Toda estrella tiene una tendencia a «colapsar» (derrumbarse hacia el interior) bajo su propia atracción gravitatoria, pero a medida que lo hace aumenta la temperatura en su interior. Y al calentarse el interior, la estrella tiende a expandirse. Al final se establece el equilibrio y la estrella alcanza un cierto tamaño fijo. Cuanto mayor es la masa de la estrella, mayor tiene que ser la temperatura interna para contrarrestar esa tendencia al colapso; y mayor también, por consiguiente, la temperatura superficial.

El Sol, que es una estrella de tamaño medio, tiene una temperatura superficial de 6.000º C. Las estrellas de masa inferior tienen temperaturas superficiales más bajas, algunas de sólo 2.500º C. Las estrellas de masa superior tienen temperaturas más altas: 10.000º C, 20.000º C y más. Las estrellas de mayor masa, y por tanto las más calientes y más brillantes, tienen una temperatura superficial constante de 50.000º C como mínimo, y quizá más. La temperatura superficial constante más alta posible de una estrella de la secuencia principal es 80.000º C.

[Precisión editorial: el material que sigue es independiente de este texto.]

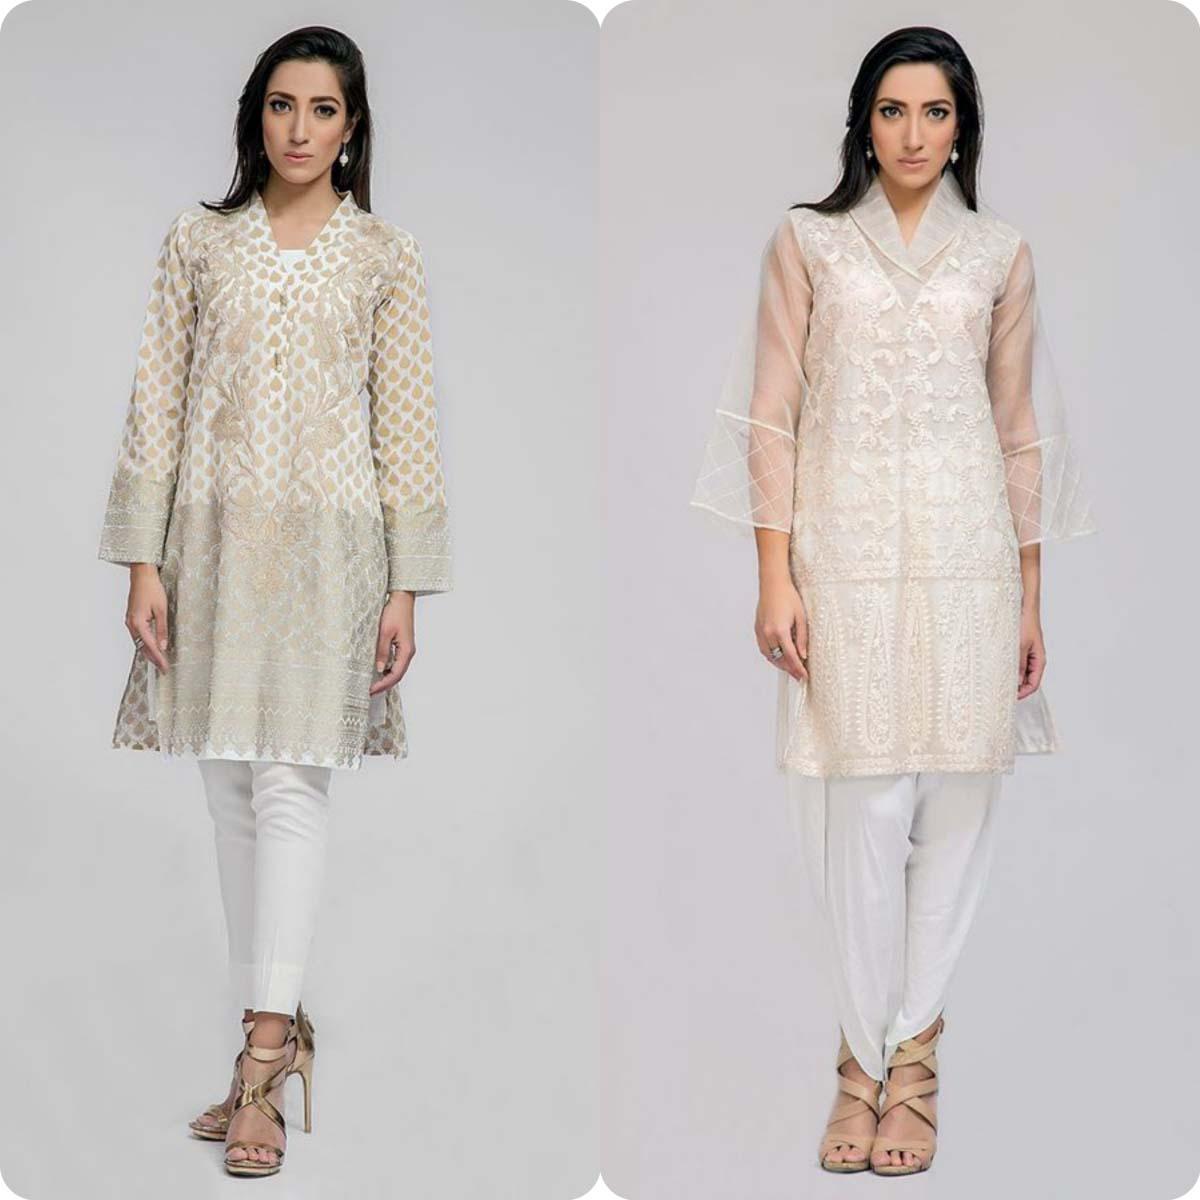 Deepak perwani Luxury Pret Eid Collection for Men and Women 2016-2017 (19)

¿Por qué no más? ¿Y si consideramos estrellas de masa cada vez mayor? Si una estrella ordinaria adquiere una masa tal que su temperatura superficial supera los 80.000º C, las altísimas temperaturas del interior producirán una explosión. En momentos determinados es posible que se alcancen temperaturas superiores, pero una vez pasada la explosión quedará atrás una estrella más pequeña y más fría que antes. La superficie, sin embargo, no es la parte más caliente de una estrella. El calor de la superficie se transmite hacia afuera, a la delgada atmósfera (o «corona») que rodea a la estrella. La cantidad total de calor no es mucha, pero como los átomos son muy escasos en la corona (comparados con los que hay en la estrella misma), cada uno de ellos recibe una cuantiosa ración.

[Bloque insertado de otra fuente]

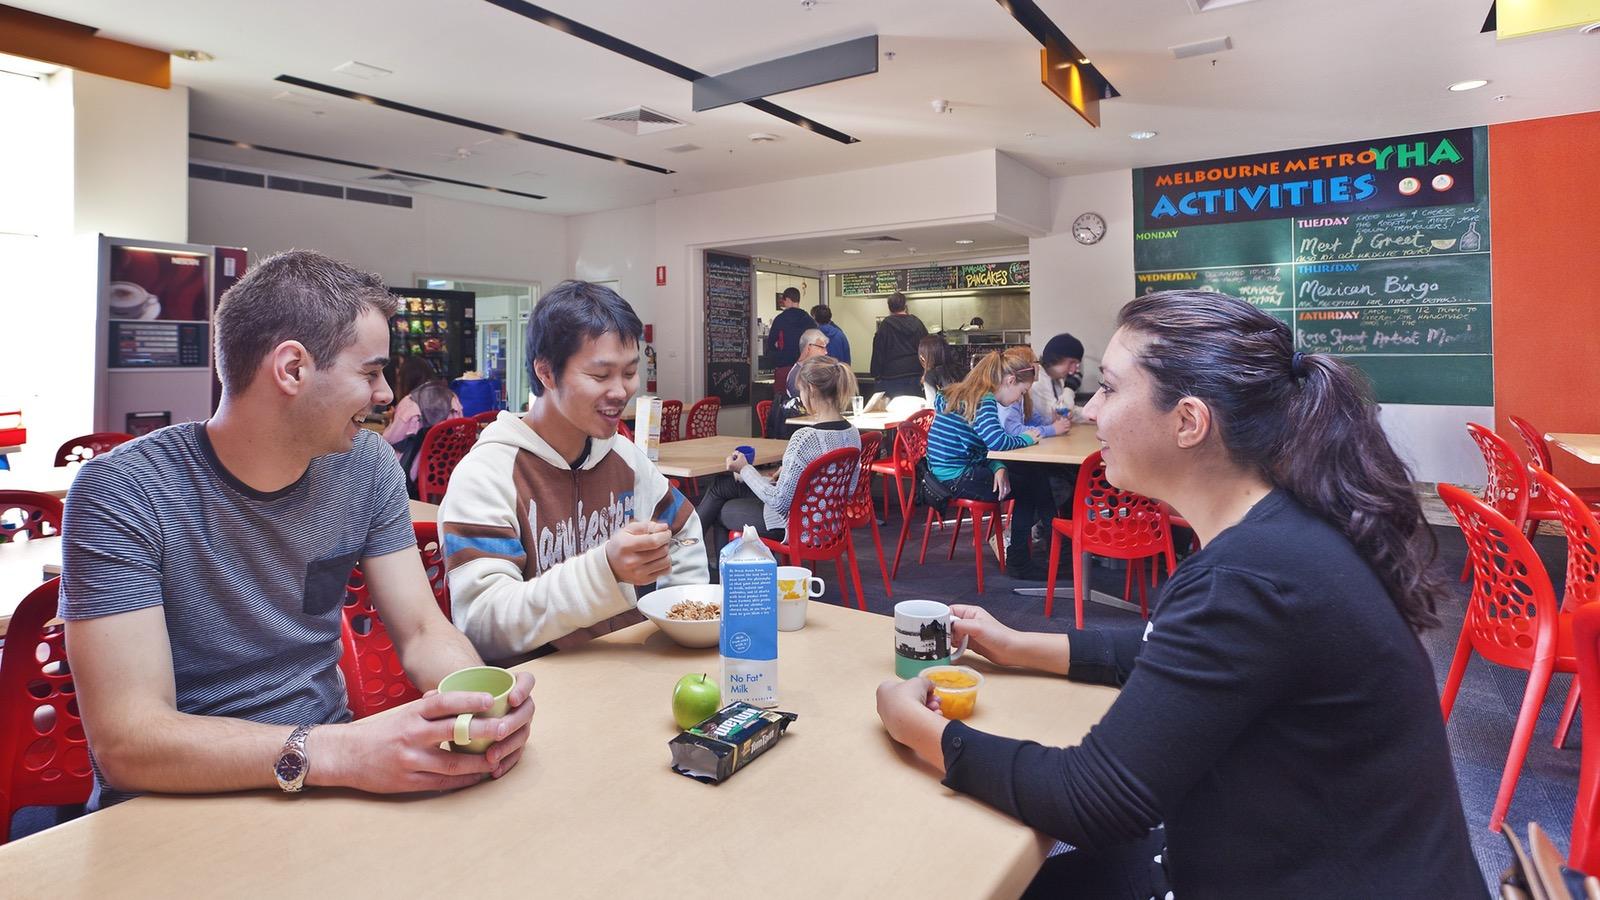 Melbourne Metro YHA dining area

Lo que mide la temperatura es la energía térmica por átomo, y por esa razón la corona solar tiene una temperatura de 1.000.000º C aproximadamente. También el interior de una estrella es mucho más caliente que la superficie. Y tiene que ser así porque si no no podría aguantar las capas exteriores de la estrella contra la enorme atracción centrípeta de la gravedad. La temperatura del núcleo interior del Sol viene a ser de unos 15.000.000º C. Una estrella de masa mayor que la del Sol tendrá naturalmente una temperatura nuclear y una temperatura superficial más altas. Por otro lado, para una masa dada las estrellas tienden a hacerse más calientes en su núcleo interior a medida que envejecen. Algunos astrónomos han intentado calcular la temperatura que puede alcanzar el núcleo interior antes de que la estrella se desintegre. Hay estimaciones que dan una temperatura máxima de 6.000.000.000º C.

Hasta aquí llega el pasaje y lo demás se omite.